» Problem statement: Line by line, output everything from the one that contains "Motif circulaire sous" through the end of the material below, exactly as written and with no pictures.

─── Supplied information ───

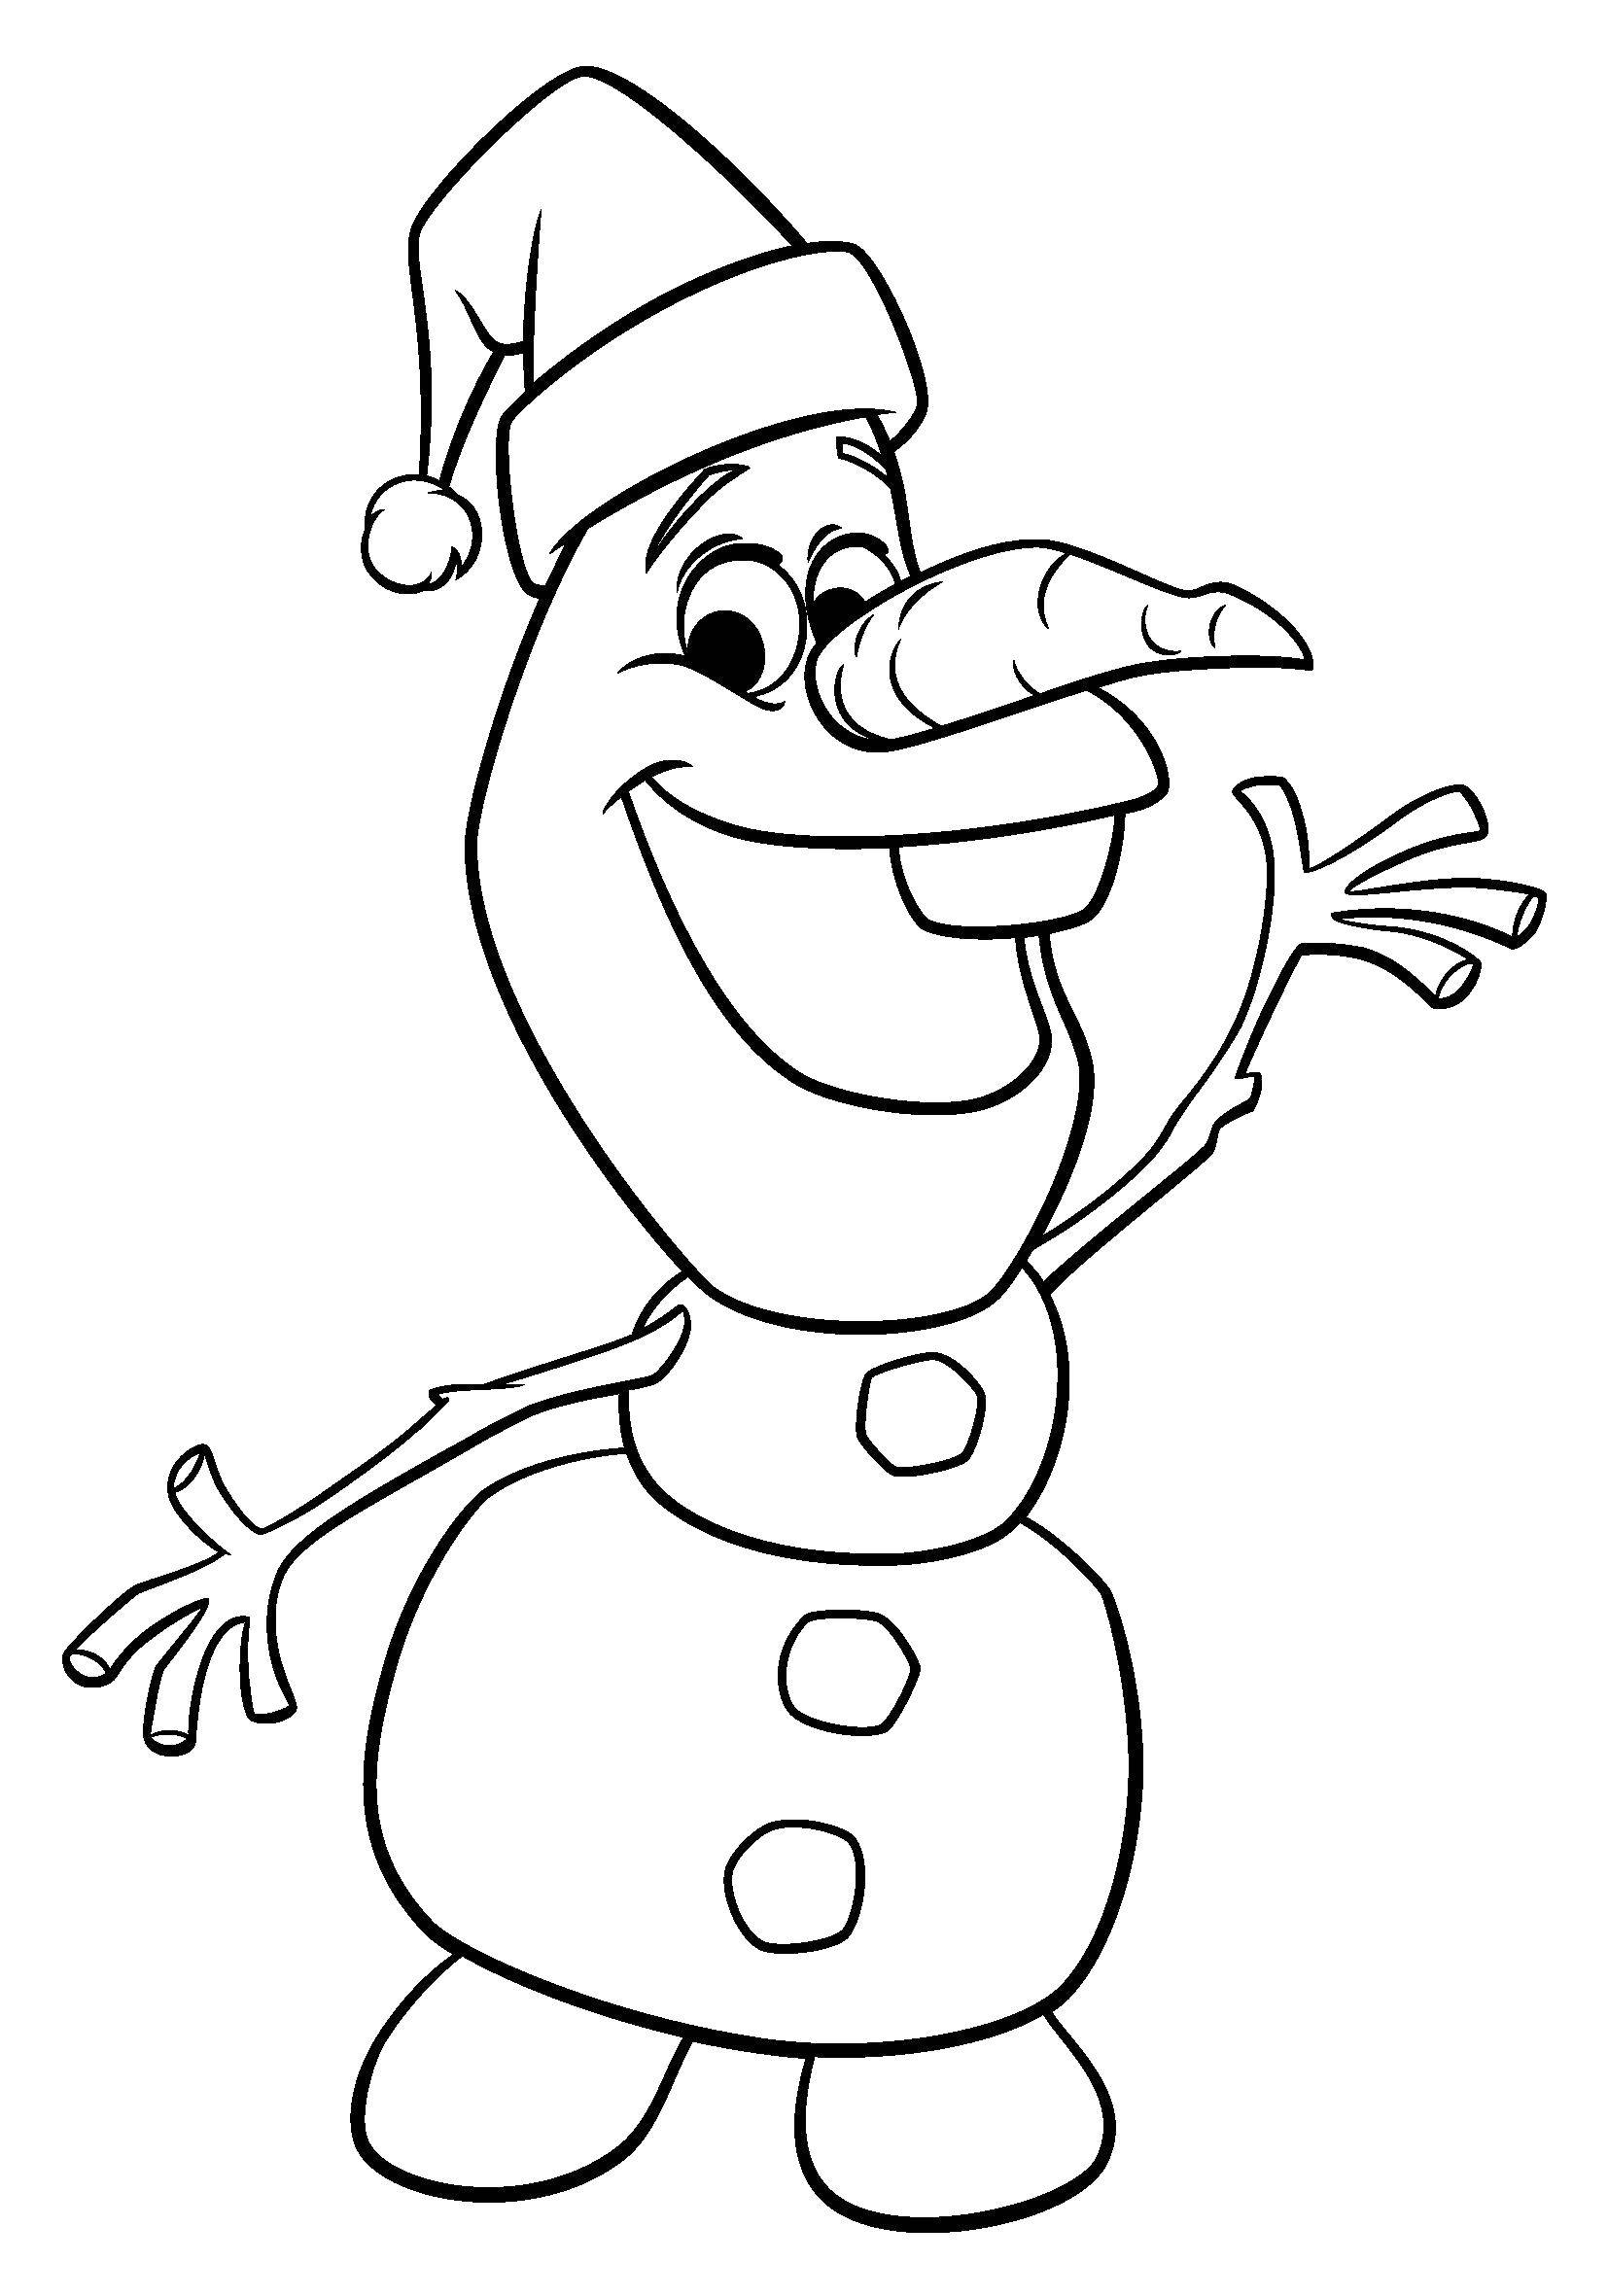 Название: Раскраска Снеговик из мультфильма .. Категория: раскраски холодное сердце. Теги: Дисней, Эльза, Холодное сердце, принцесса.
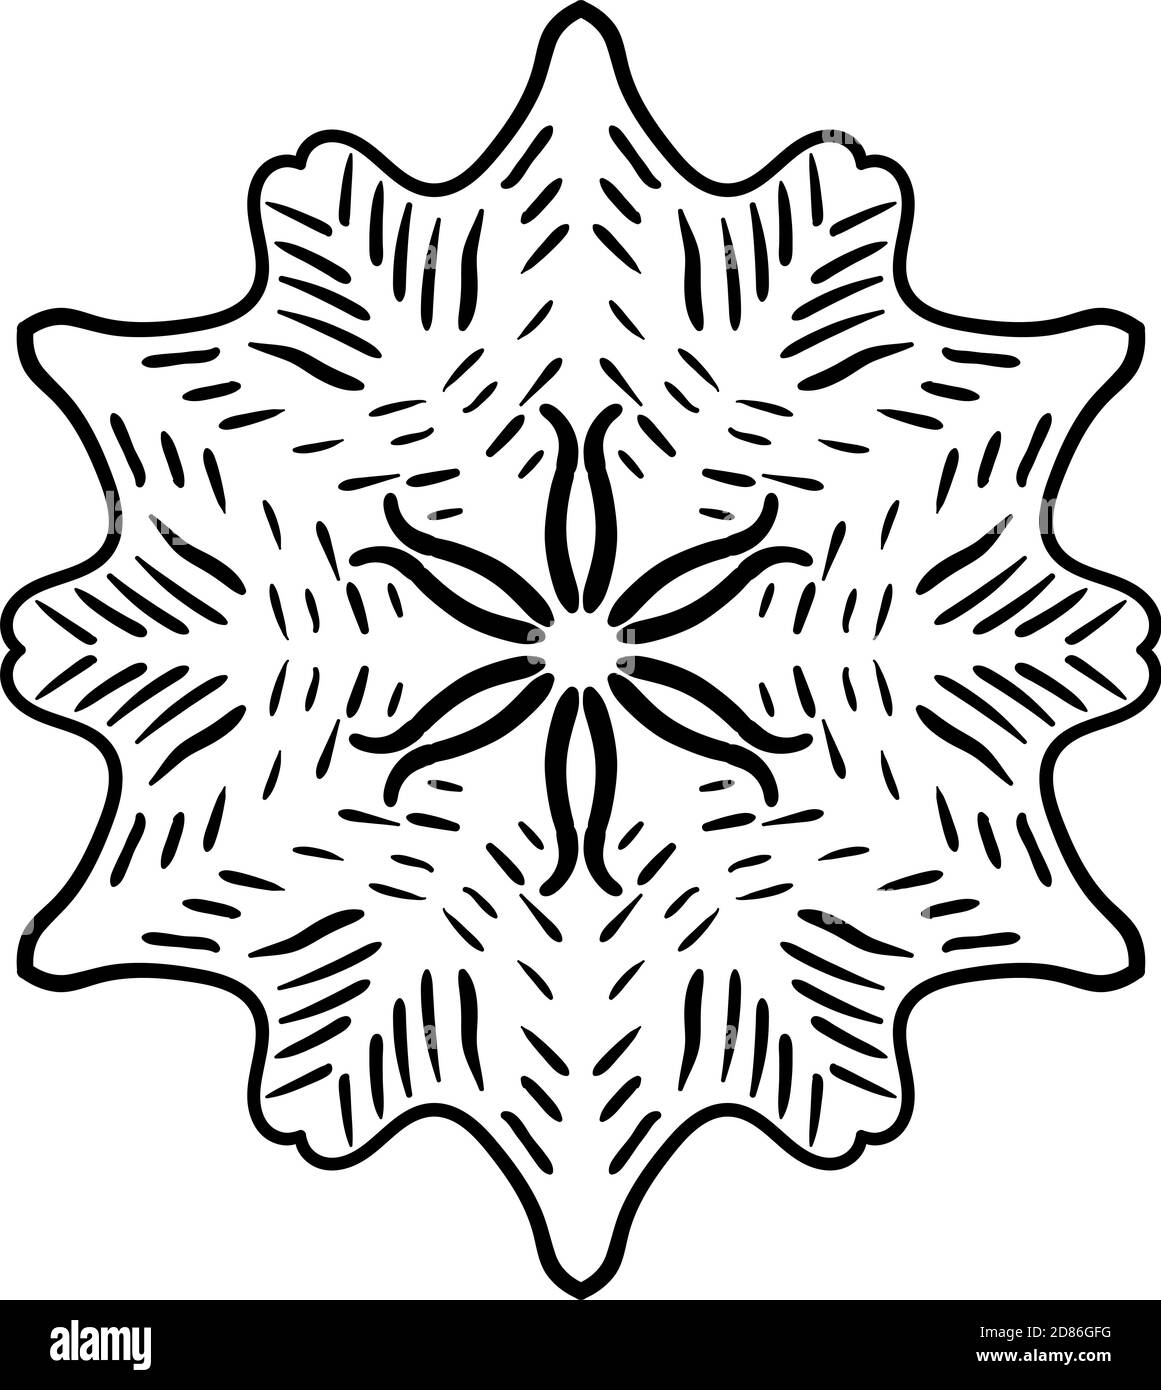 Motif circulaire sous forme de mandala pour les cartes de vœux, l'impression de cas, etc. Motifs abstraits. Motif Mandala noir et blanc Banque D'Images
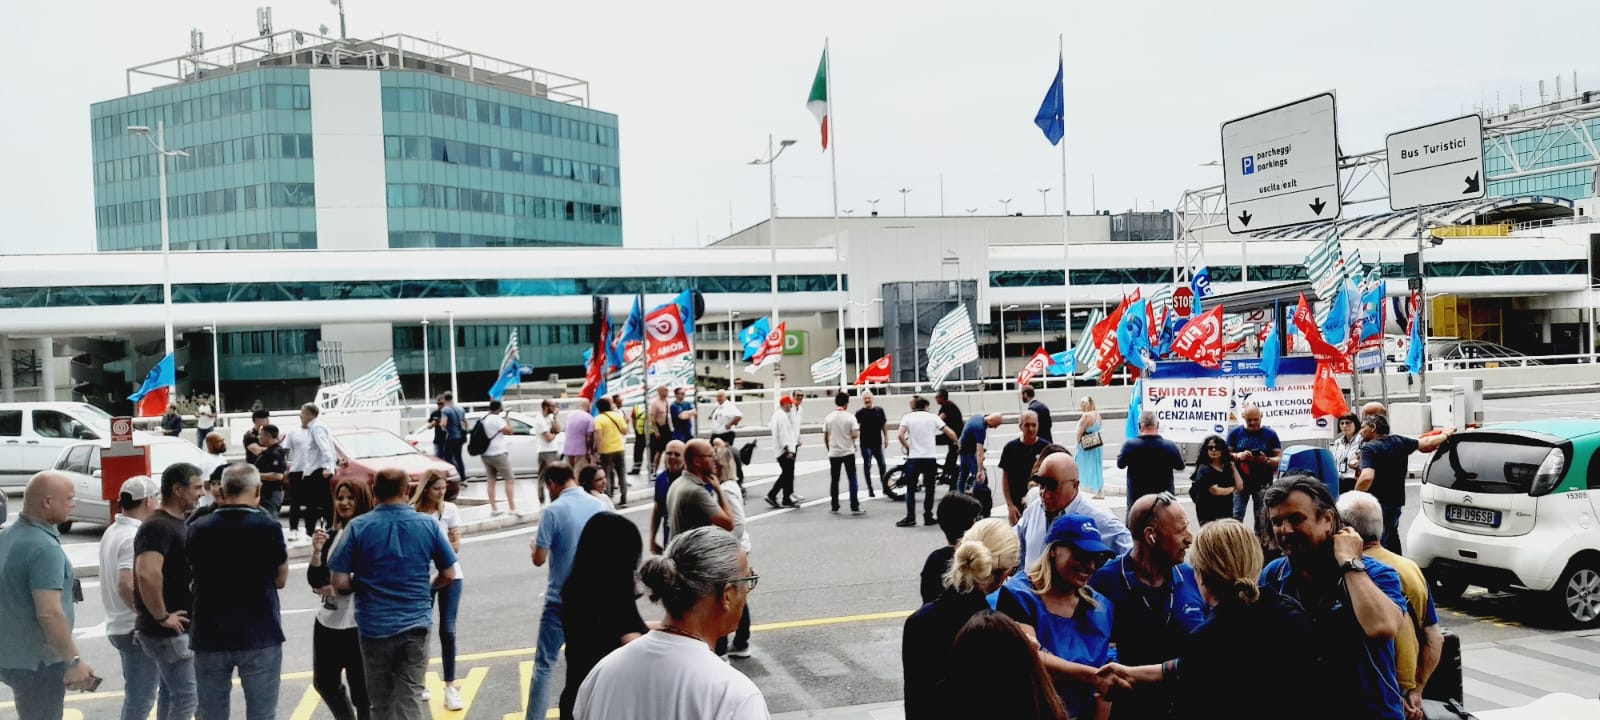 Trasporto aereo: Sindacati, adesioni oltre 90% a sciopero lavoratori handling aeroporti

───

» Answer box:
 Motif circulaire sous forme de mandala pour les cartes de vœux, l'impression de cas, etc. Motifs abstraits. Motif Mandala noir et blanc Banque D'Images
 Trasporto aereo: Sindacati, adesioni oltre 90% a sciopero lavoratori handling aeroporti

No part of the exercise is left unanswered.